Musing #7: God as a slippery fish

I have an image of God in my head as a slippery fish. Let me try to explain! I believe that God is mystery and beyond our comprehension – our words and our thoughts will never capture who God is.  But words are what we have.  So, in our human-ness and our desire to understand we try to explain God: we pull him into our perception and, in so doing, we fail to see who he really is.

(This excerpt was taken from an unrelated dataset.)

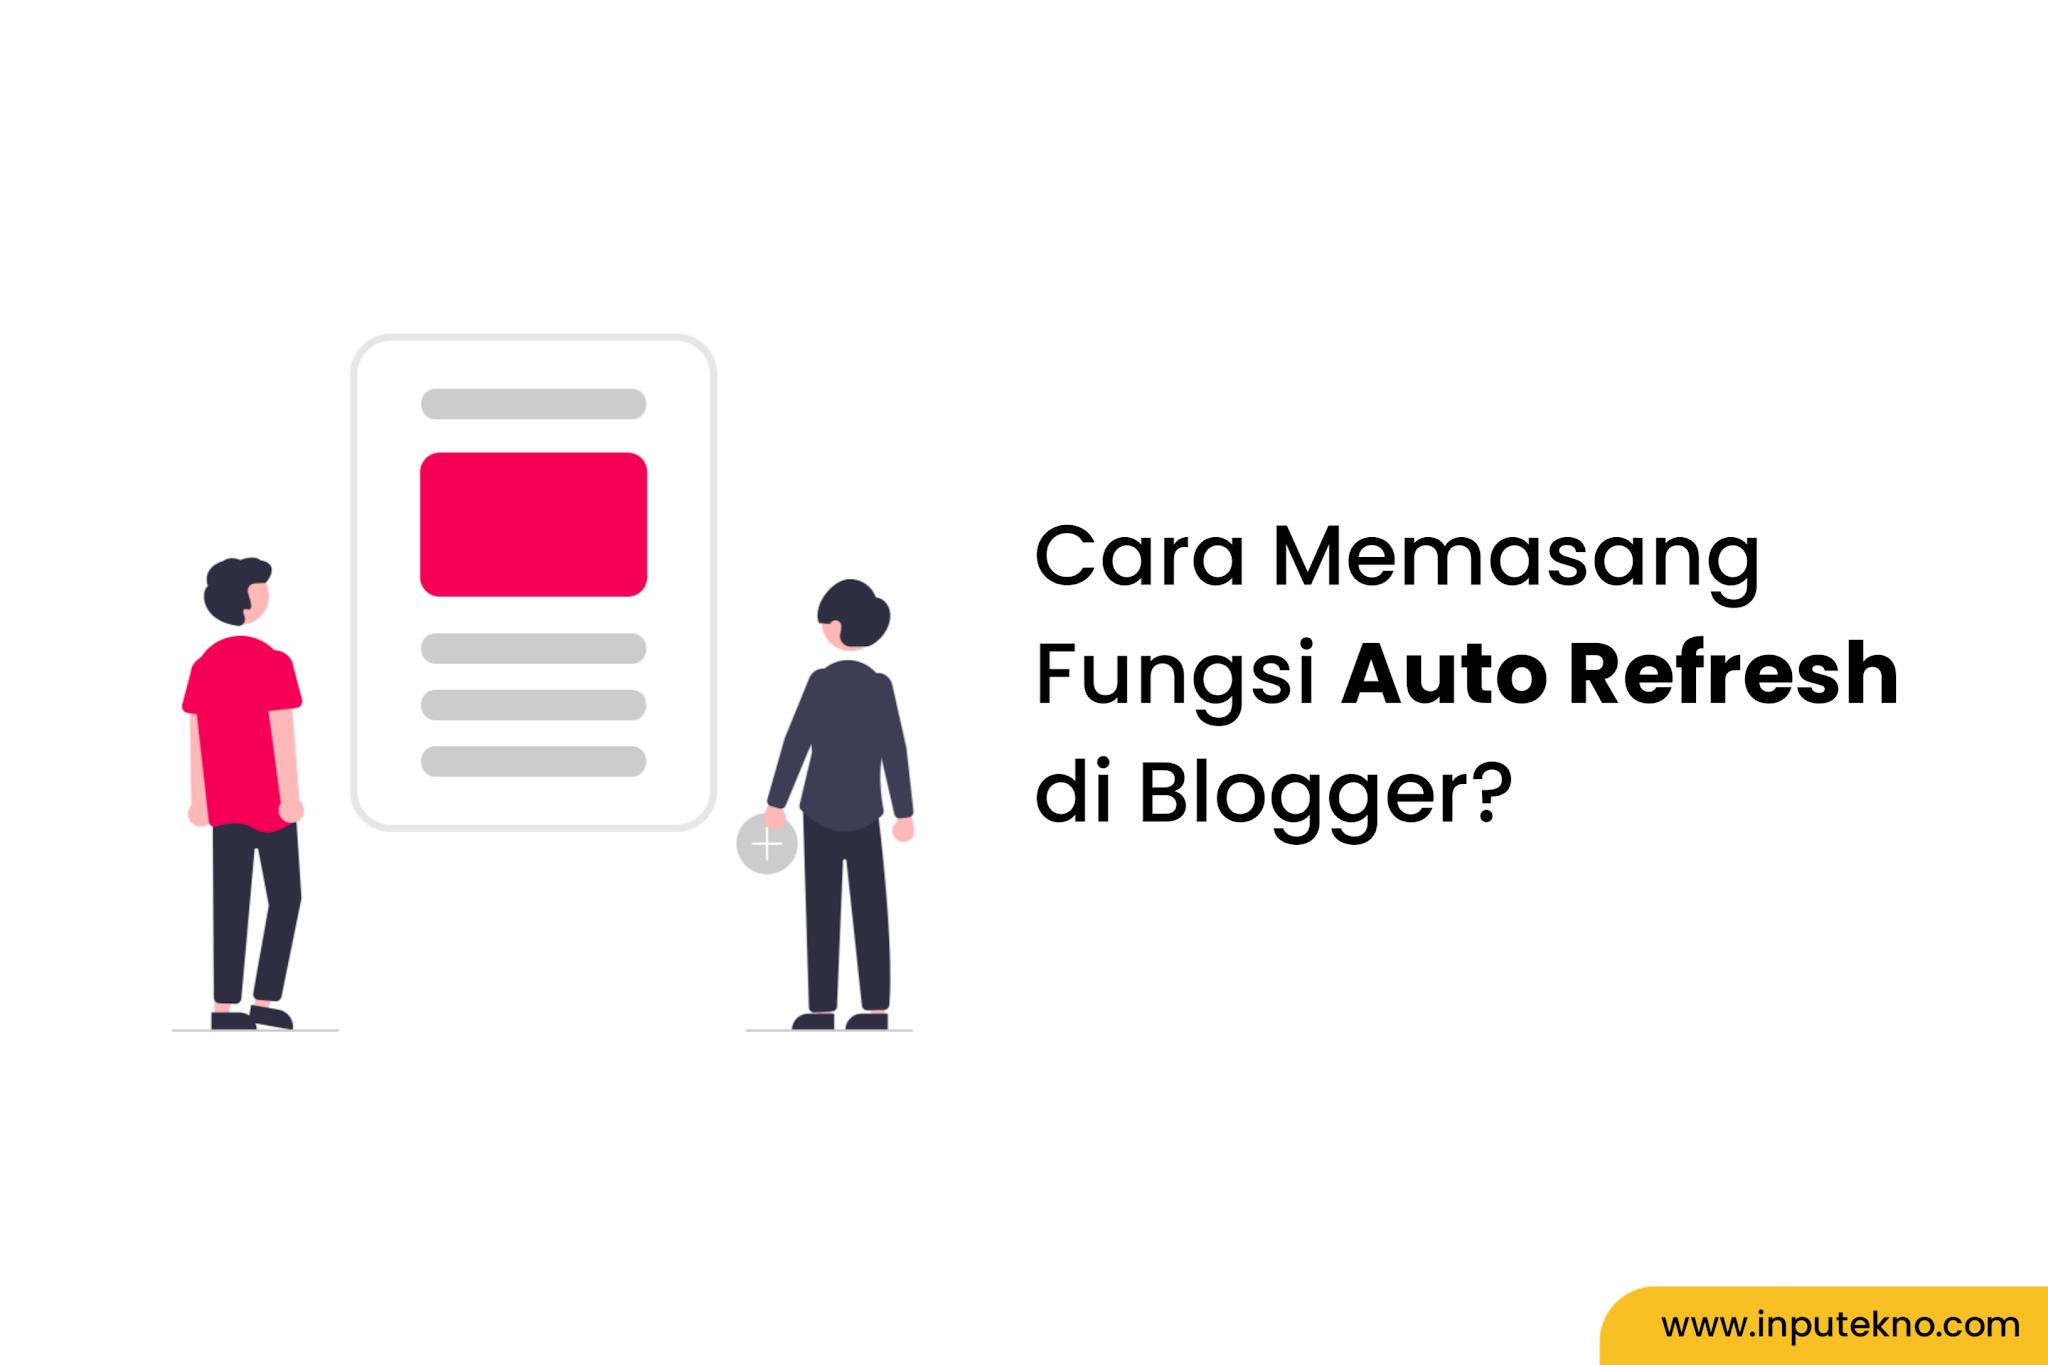 Cara Memasang Fungsi Auto Refresh di Blogger
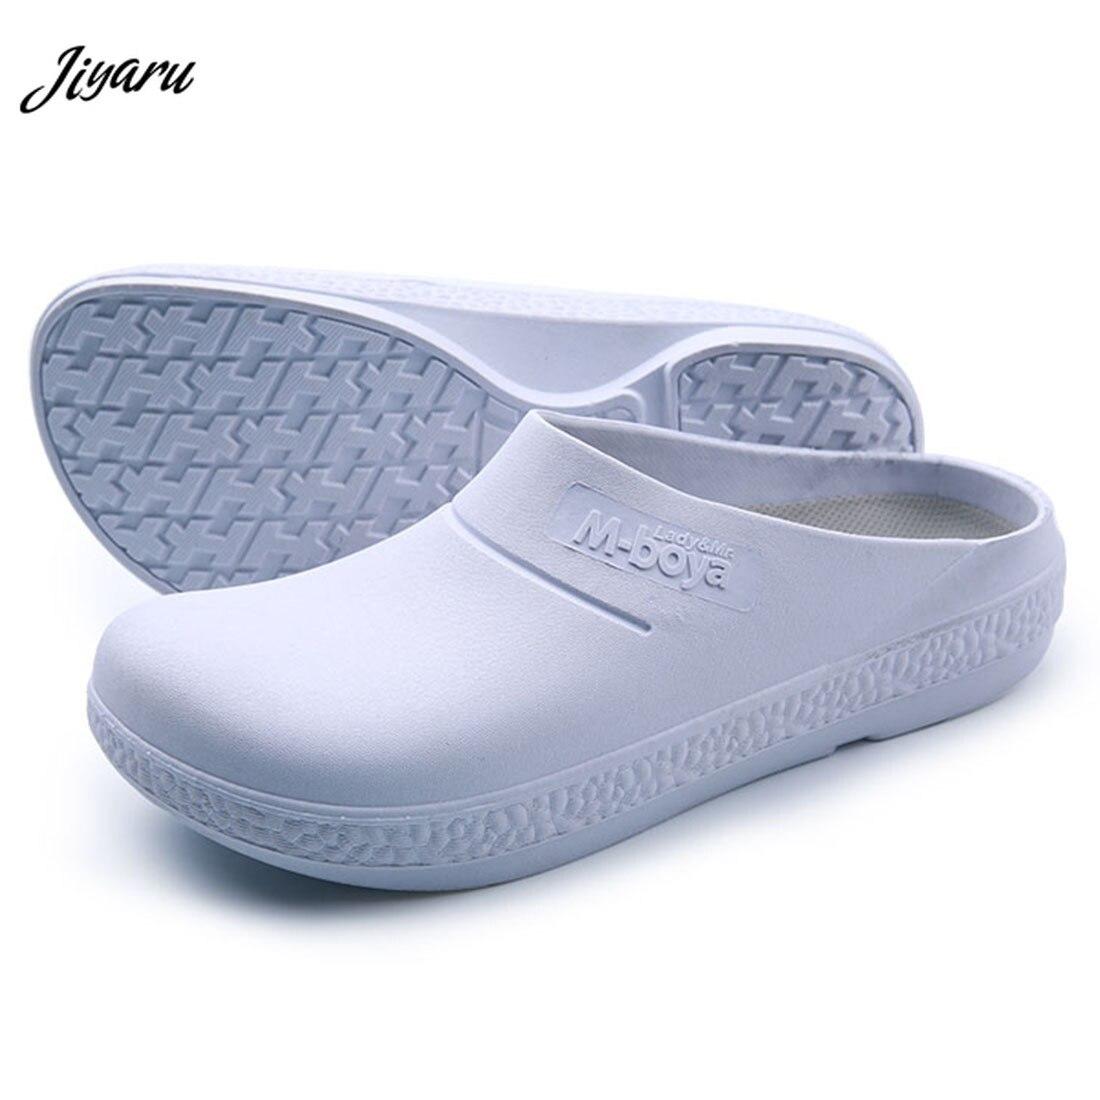 2018 New Chef Restaurant Kitchen Work Shoes Men Medical Doctors Nurses Surgical Work Shoes Non-slip Protective Sandal Men Shoes

I’ve never held a fish that is still alive but, in my head, I see a fish thrashing around as I try desperately to hold onto it.  Until I realise that if I continue to hold onto this beautiful creature, it will die.  I will have the fish, but it will have lost its life.  My experience of God is that when I hold onto him too tightly – when I think I have understood and can explain God – he ‘dies’.  God becomes something else – a set of beliefs and rules - and is no longer alive.  I need to hold on to God lightly and let him slip out of my hands.  The thing with God is that we will never fully understand him.  The point is to keep seeking.

Free from our hands God, the fish, slips back into the water.  Water that spreads and seeps into the tightest of corners.  Water that is deep and broad and holds treasure beyond our imagining.  When God slips out of our hands he doesn’t want us to walk away: stay at the water’s edge and seek him.  As we stare into the depths we may catch a glimpse – the flick of his tail as he dances beneath the surface.  If we keep gazing, he may leap like a flash of silver to capture our attention again. 

Contemplation is in the gazing and the seeking.  Contemplation is coming to realise that God is not just the fish but the whole expanse of water.  And as I seek God I may also paddle in the shallows of his very being. Or take a deep breath and dive into him. Or feel, as I gaze, the spring of his spirit rising up in me.  God can not be held tightly and understood but he is constantly inviting us to dance with him in the waters of his spirit.